At a recent seminar, I was struck by the number of people wondering, “Will these slides be posted?” Struck because the nature of this presentation was such that, without the presenter, the slides wouldn’t do you much good.
It got me thinking about our constant use of slide-creating software, and I realized there are three things that really bug me about it.
1. Slides don’t tell me what I need to know.
Several weeks ago, I followed a friend’s Twitter link to a presentation on SlideShare. I dutifully watched it, but at several points found myself thinking, “Gee, I wonder what she talked about on this slide.” A big ol’ screenshot of a web site probably provided great fodder for her insightful commentary, but didn’t do me much good as a passive observer. If audio would have been included, it would have been a different story but SlideShare doesn’t include audio. Watching a presentation with no one presenting ends up feeling like listening to one side of a phone conversation: you get the gist, but not the whole story. And entire stretches remain a total mystery.
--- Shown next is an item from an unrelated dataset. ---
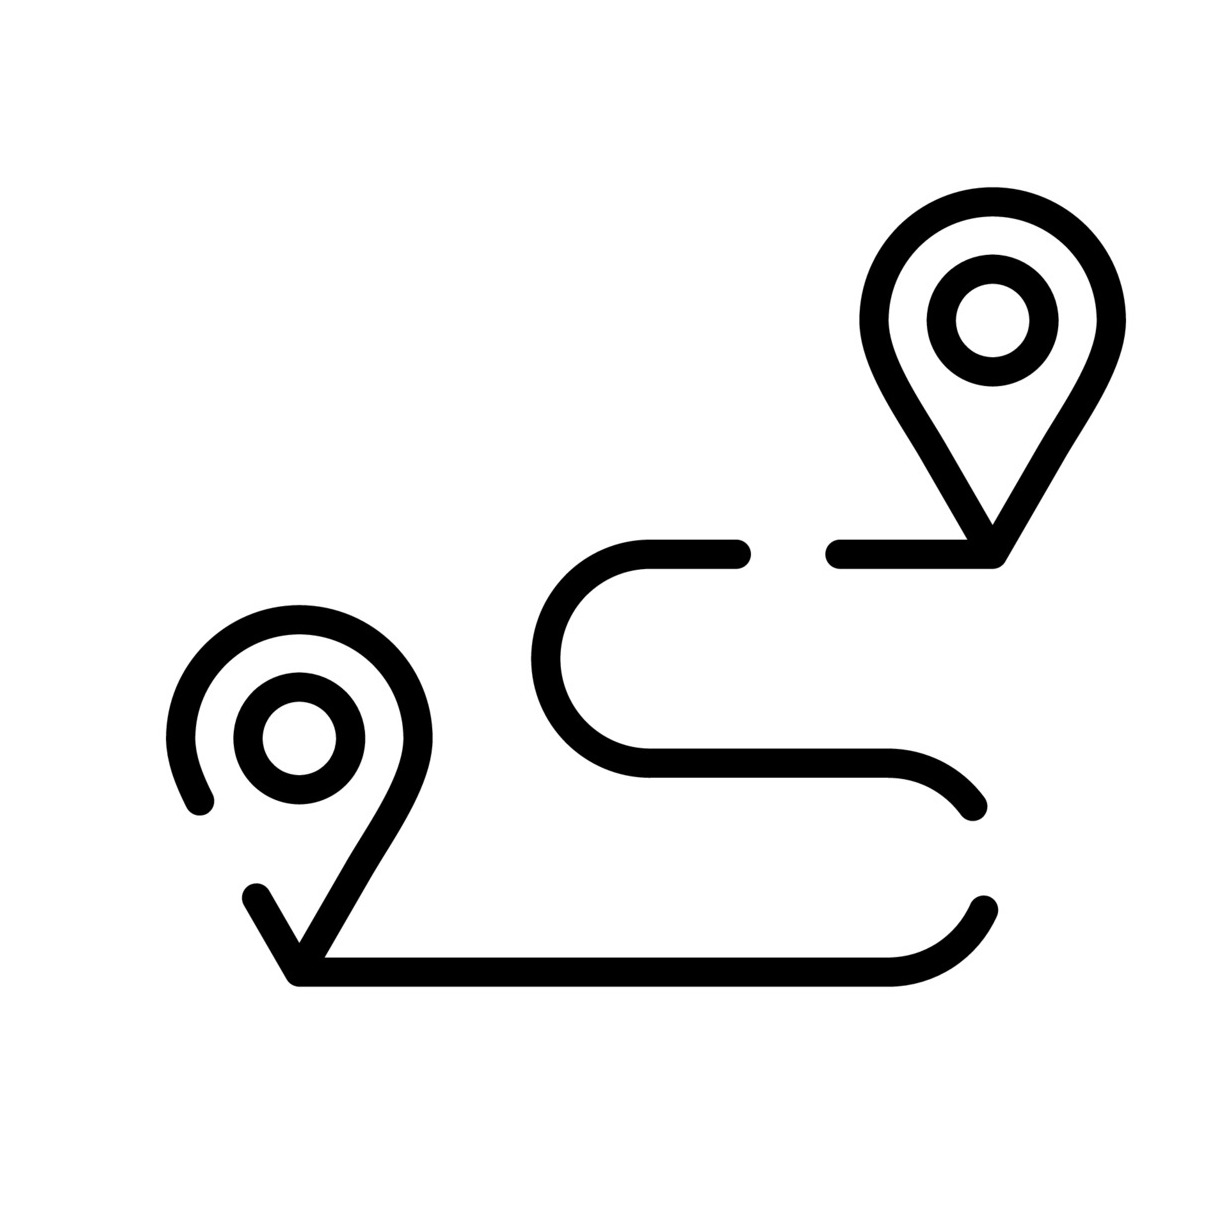 Vecteezy Gps Map Navigation Direction Dotted Line Icon Vector 11328791 2

As my pal @rrazor said, “Slides are often (hopefully?) the most content-poor part of a presentation. SlideShare is just a tease.”
Put another way, if I can get everything I need from your slides alone — why would I bother coming to see you speak? And, if I can’t get everything I need from your slides alone — what’s the point of putting them on SlideShare?
2. I’ve had just about enough of slide culture.
I realize I’m swimming against a cultural tsunami that cannot be stopped, but I really wish we could scale back our use of slides. PowerPoint is the ubiquitous format for communicating everything. And I do mean everything. I recently got an invitation to an event that was — you guessed it — a PowerPoint slide. From what I can tell, the ability for this organization to animate the crap out of every piece of text and embed a soundtrack is what really sold them on this format. A nice, clean PDF simply stating the details of the event pales in comparison.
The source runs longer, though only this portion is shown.